YOUR TASK: When the line with "Samba tähtsust rõhutas" turns up below, begin repeating exactly, and carry on through the line with "Conservazione olio di oliva – Fratelli Carli"; no pictures go into the copy.

EXTRACTED INFORMATION:
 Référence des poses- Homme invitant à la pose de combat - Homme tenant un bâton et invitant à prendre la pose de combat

--

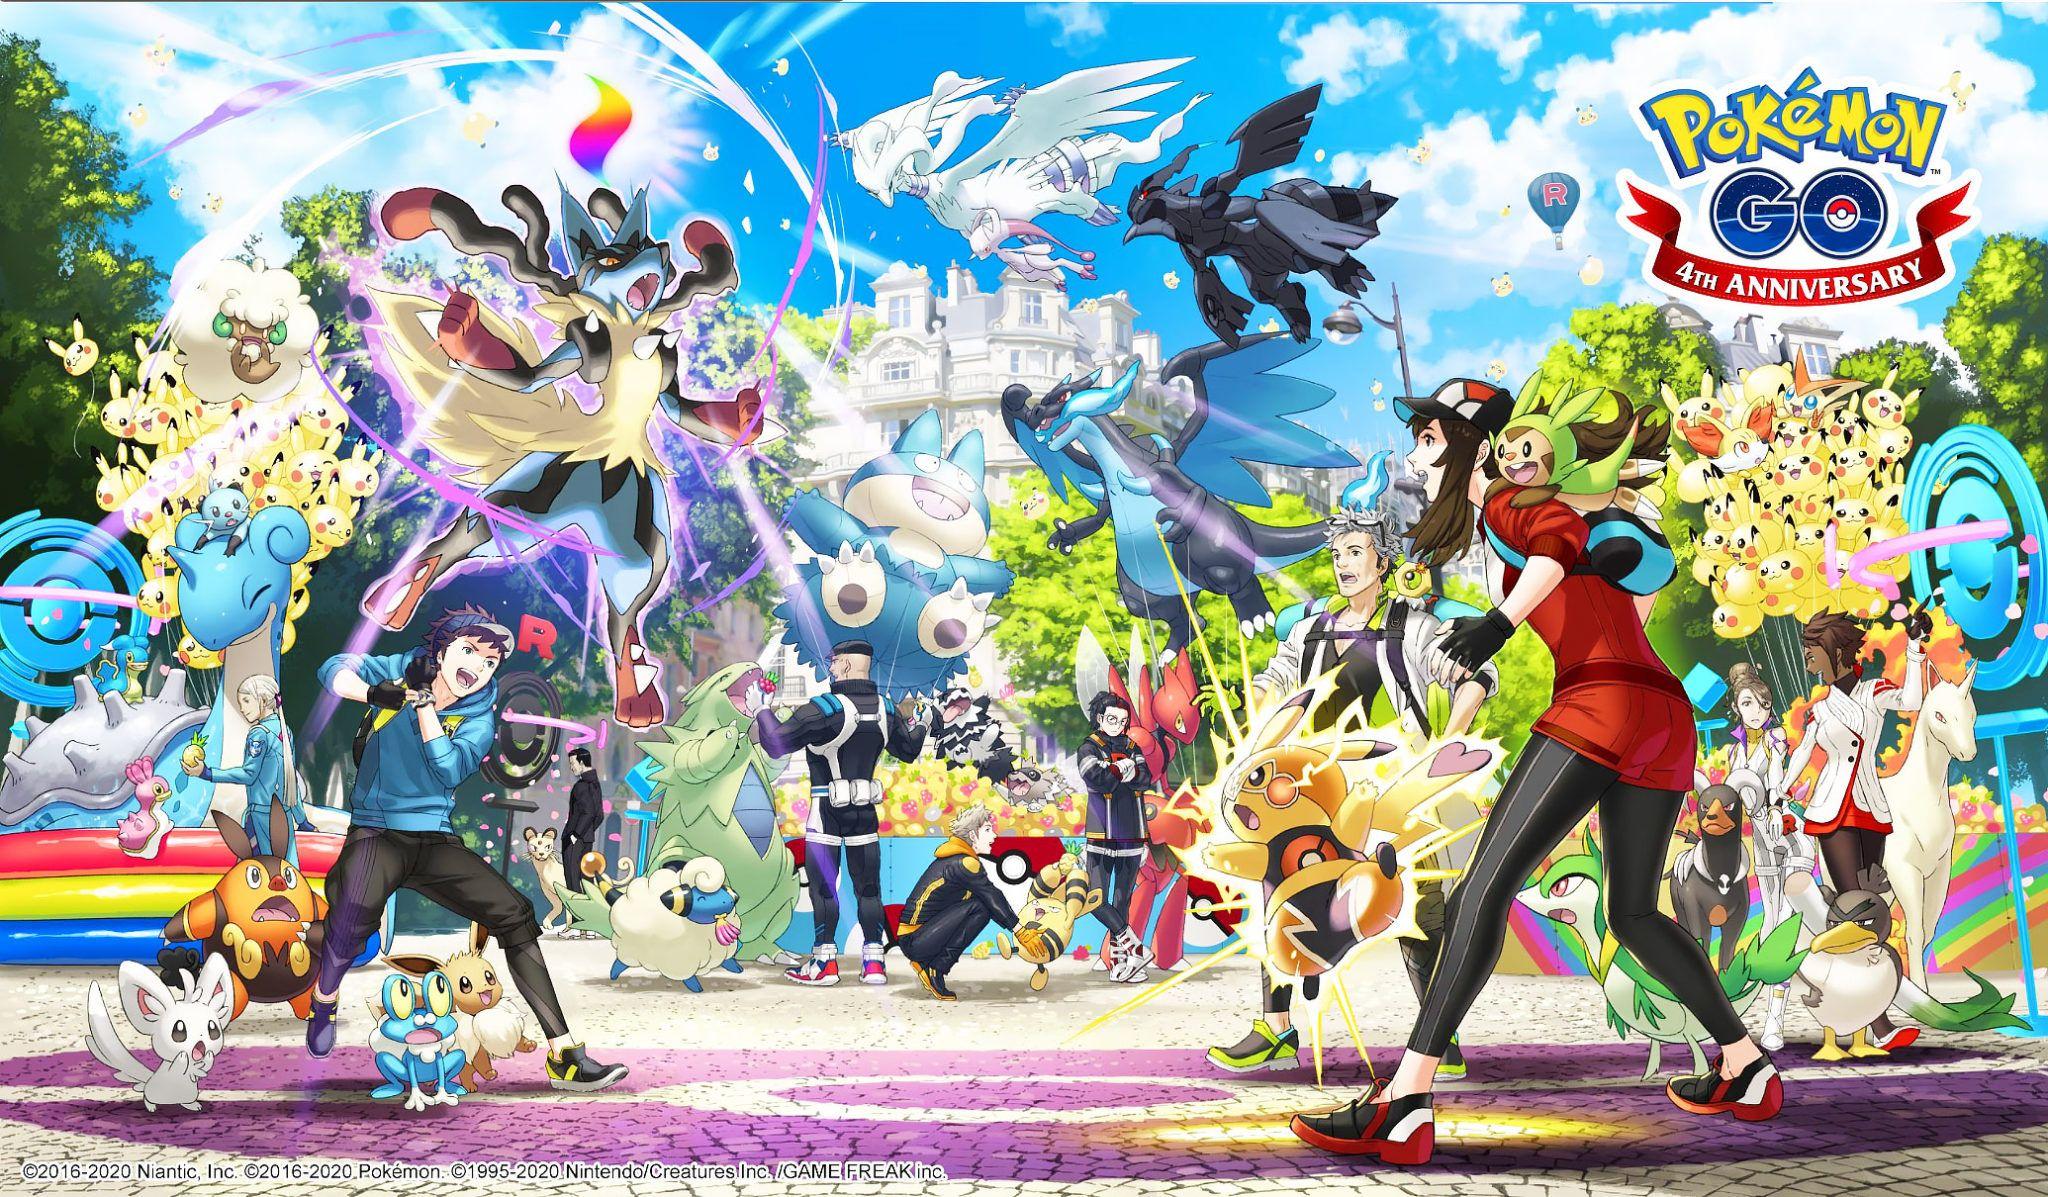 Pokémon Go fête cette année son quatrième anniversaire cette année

...

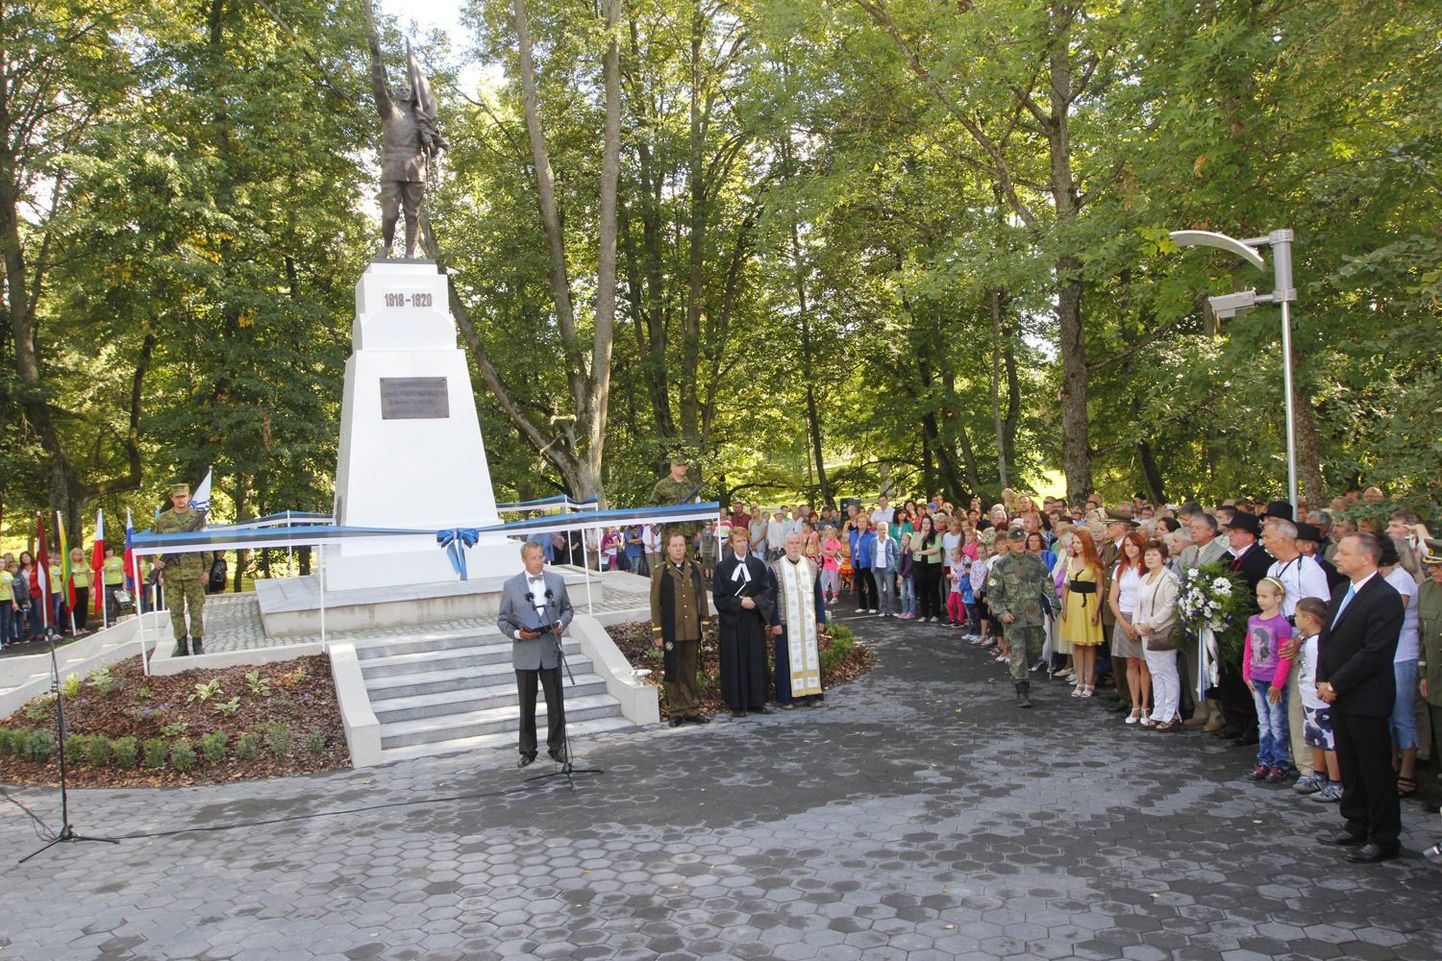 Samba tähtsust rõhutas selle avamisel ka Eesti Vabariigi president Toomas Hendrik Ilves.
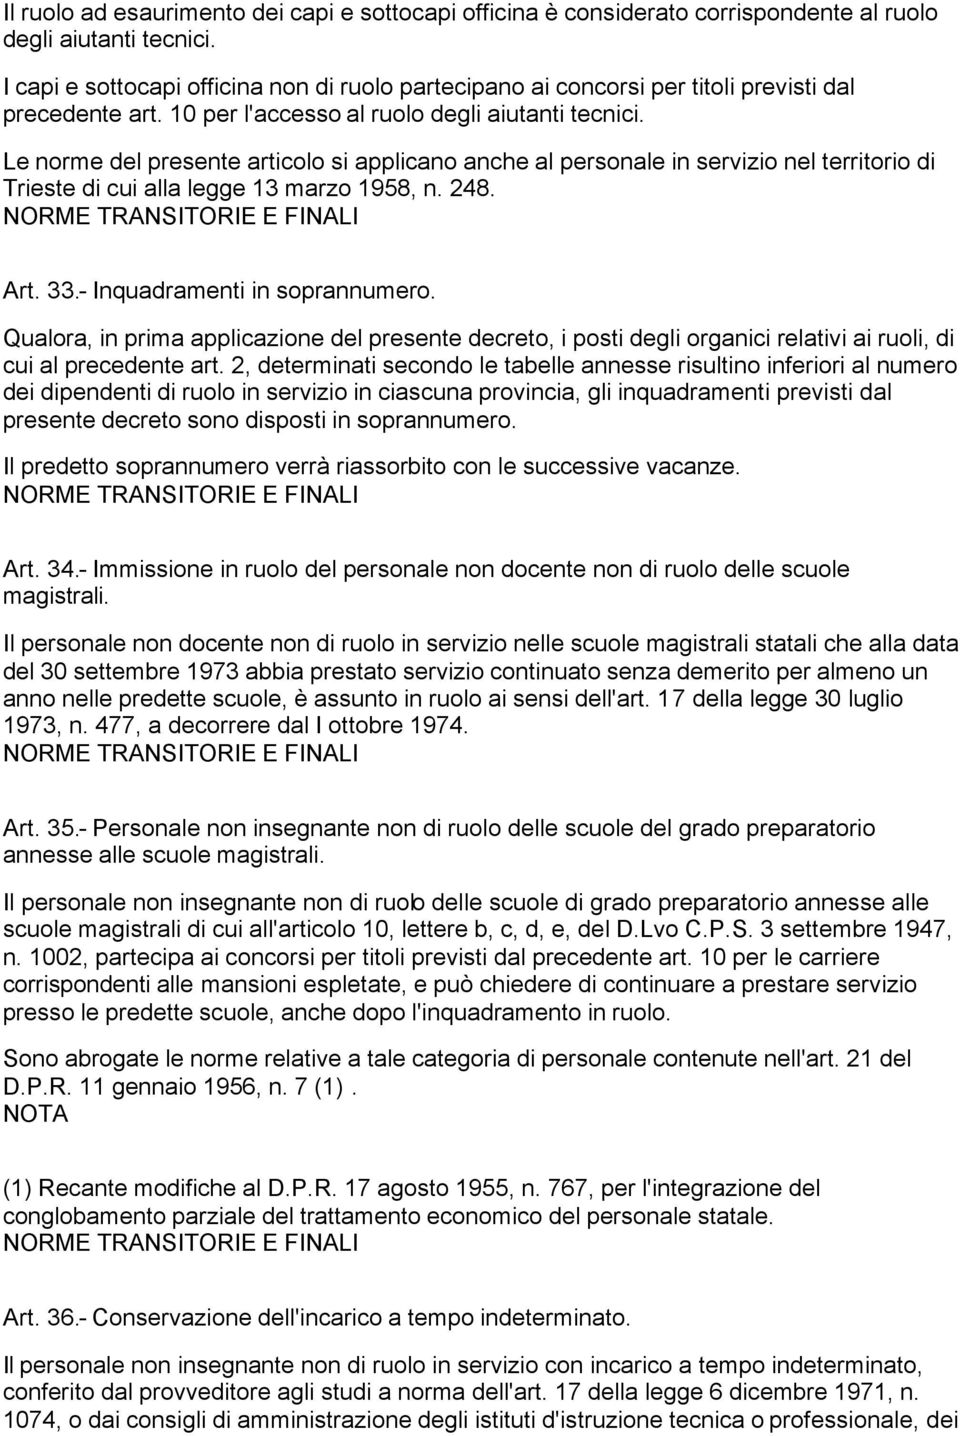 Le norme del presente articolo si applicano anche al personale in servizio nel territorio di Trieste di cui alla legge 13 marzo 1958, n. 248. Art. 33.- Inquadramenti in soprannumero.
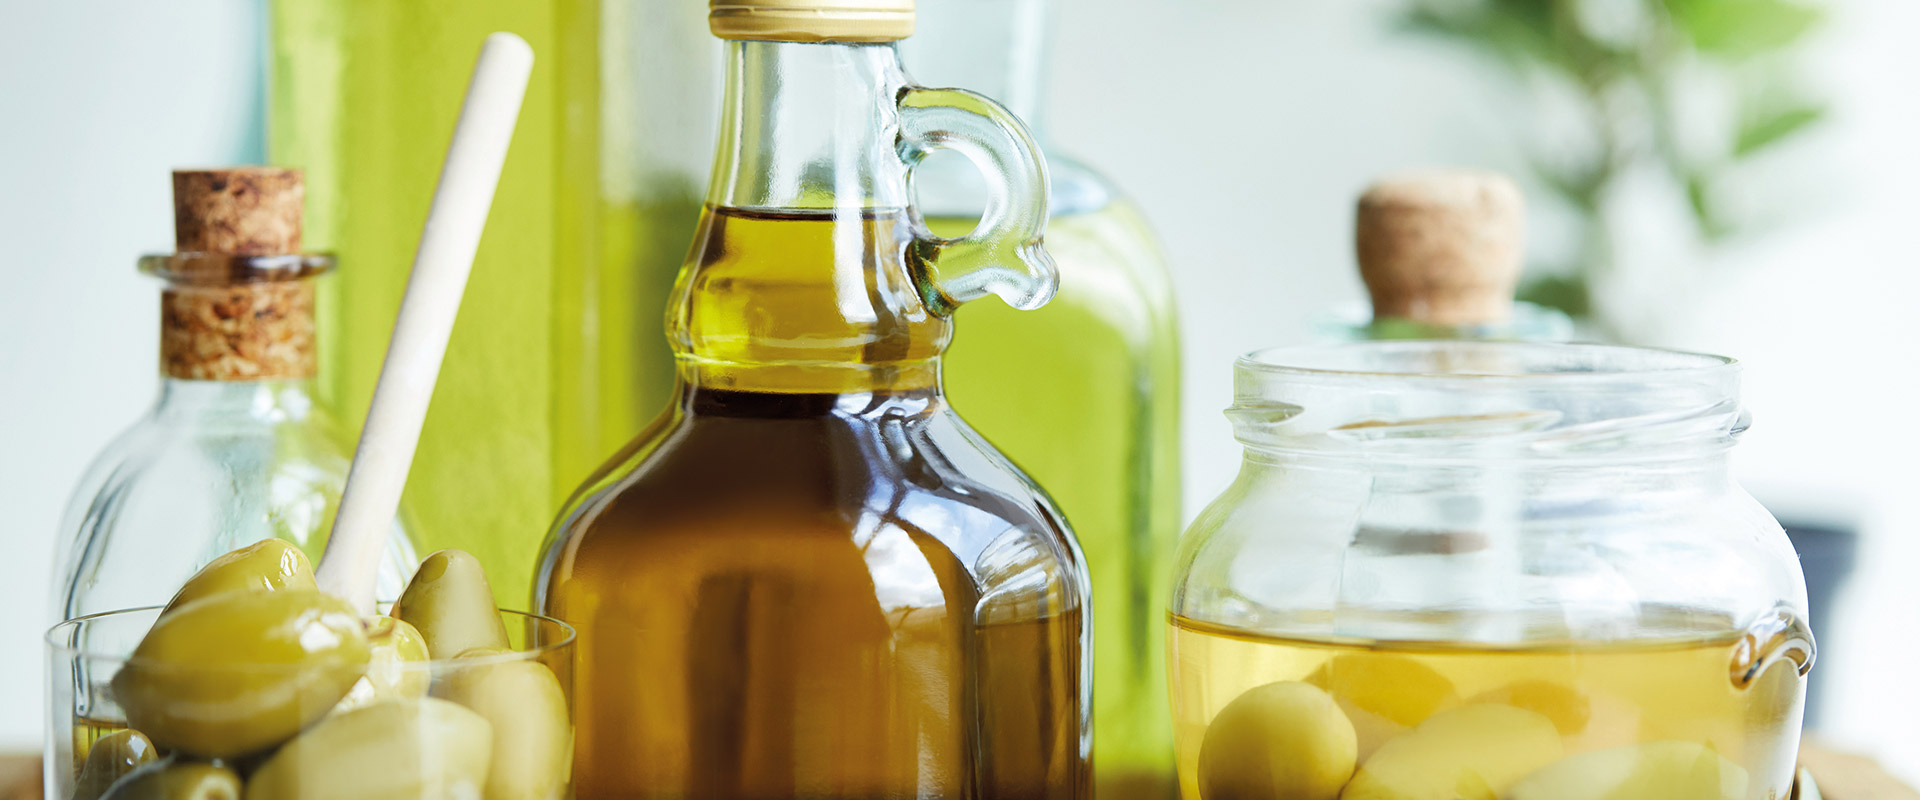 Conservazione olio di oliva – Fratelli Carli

PROBLEM SOLUTION:
 Samba tähtsust rõhutas selle avamisel ka Eesti Vabariigi president Toomas Hendrik Ilves.
 Le norme del presente articolo si applicano anche al personale in servizio nel territorio di Trieste di cui alla legge 13 marzo 1958, n. 248. Art. 33.- Inquadramenti in soprannumero.
 Conservazione olio di oliva – Fratelli Carli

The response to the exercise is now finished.